CONSIDERACIONES 1. Es competente la Sala para conocer del presente asunto conforme con lo dispuesto en el artículo 2.2.3.1.2.1 del Decreto 1069 de 2015, modificado por el Decreto 333 de 2021 toda vez que la queja constitucional involucra a la Sala Penal del Tribunal Superior del Distrito Judicial de Bucaramanga. 2. Según lo establece el artículo 86 de la Constitución Política, toda persona tiene la facultad para promover acción de tutela ante los jueces con miras a obtener la protección inmediata de sus derechos constitucionales fundamentales, cuando por acción u omisión le sean vulnerados o amenazados por cualquier autoridad pública o por particulares en los casos previstos de forma expresa en la ley, siempre que no exista otro medio de defensa judicial, a no ser que se utilice como mecanismo transitorio para evitar la materialización de un perjuicio de carácter irremediable. 3.
En el caso sub judice, el problema jurídico a resolver se contrae a determinar si es procedente la acción de tutela, para examinar la decisión adoptada por el Juzgado Décimo Penal del Circuito con Función de Conocimiento de Bucaramanga, el 7 de julio de 2021, mediante la cual se condenó a Luis Alfonso Álvarez Pérez, a la pena de 320 meses de prisión, la hallarlo responsable del delito de acceso carnal abusivo con menor de catorce años agravado, en concurso heterogéneo con actos sexuales con menor de catorce años agravado en concurso homogéneo y sucesivo. 4.
De la procedencia de la acción de tutela contra providencias judiciales. Con el fin de atender la queja constitucional propuesta, importa precisar que la jurisprudencia constitucional ha señalado que la tutela cuando se propone contra decisiones judiciales se torna excepcional, toda vez que lejos está de ser una instancia adicional a la cual se pueda acudir con el fin de derruir sus efectos, salvo que concurra una vía de hecho, criterio que se ha venido desarrollando por las causales específicas de procedibilidad.

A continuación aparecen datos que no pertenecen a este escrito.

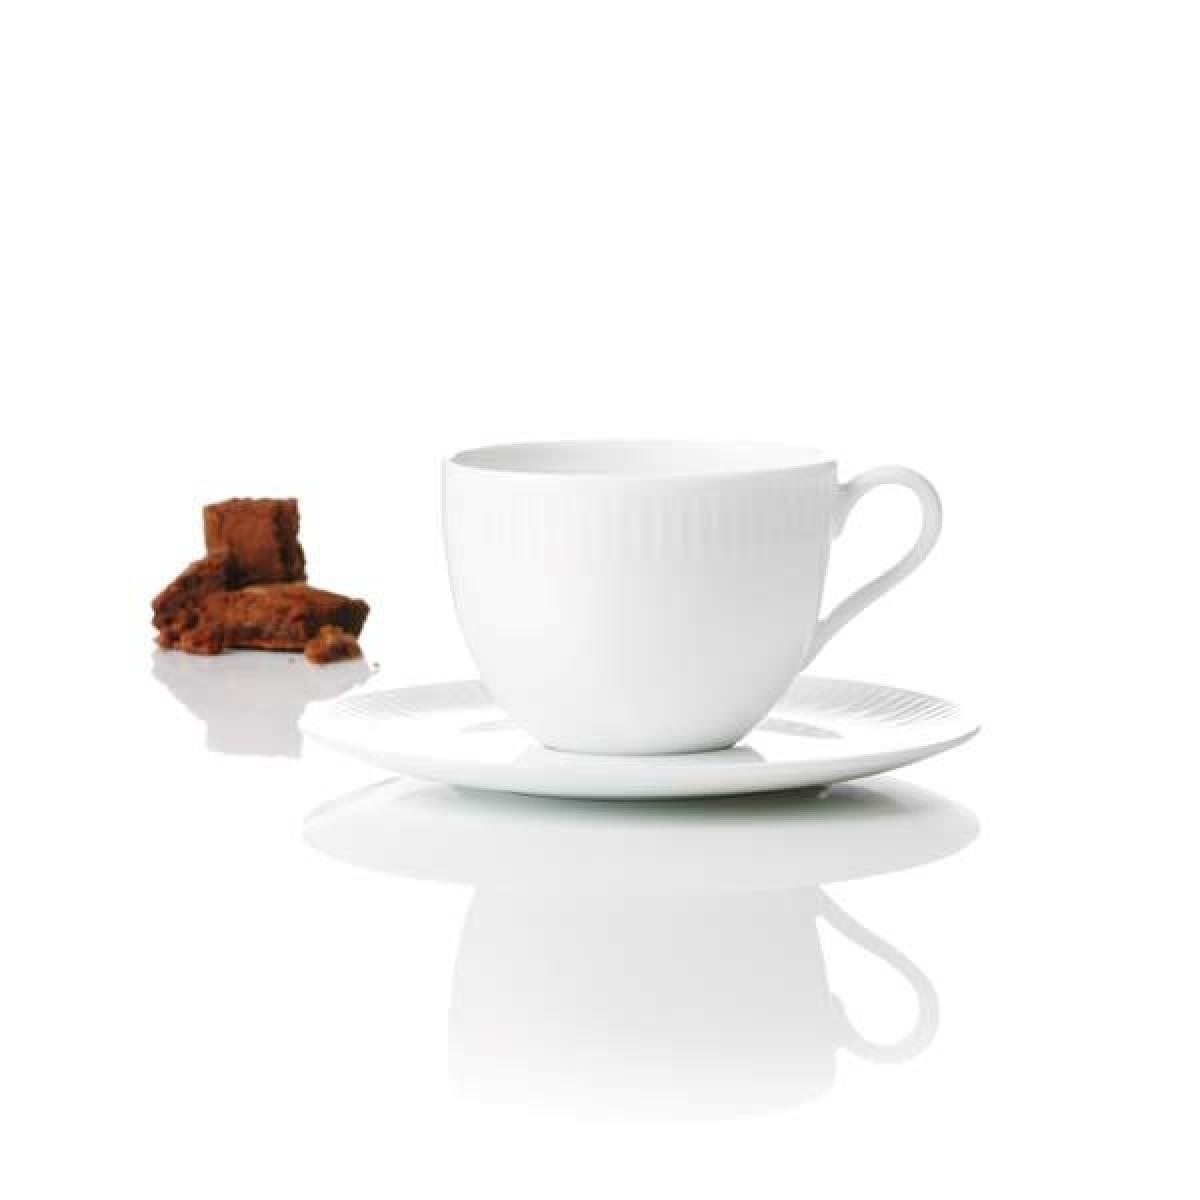 AIDA Relief kaffekop 4 stk. 20 cl.

En tal virtud se han fijado una serie de pautas con las cuales se restringe el uso y el abuso del mecanismo constitucional, de manera que quien acuda a él realmente lo emplee como el último recurso a su alcance, pues de lo contrario se atenta contra la estructura de las jurisdicciones y procedimientos que previamente han sido fijados, resaltándose así la naturaleza residual y subsidiaria de la acción. En ese sentido, la acción de tutela contra decisiones judiciales presupone la concurrencia de unos requisitos de procedibilidad que consientan su interposición: genéricos y específicos, esto con la finalidad de evitar que la misma se convierta en un instrumento para discutir la disparidad de criterios entre los sujetos procesales y la autoridad accionada y contrariar su esencia, que no es distinta a denunciar la transgresión de los derechos fundamentales.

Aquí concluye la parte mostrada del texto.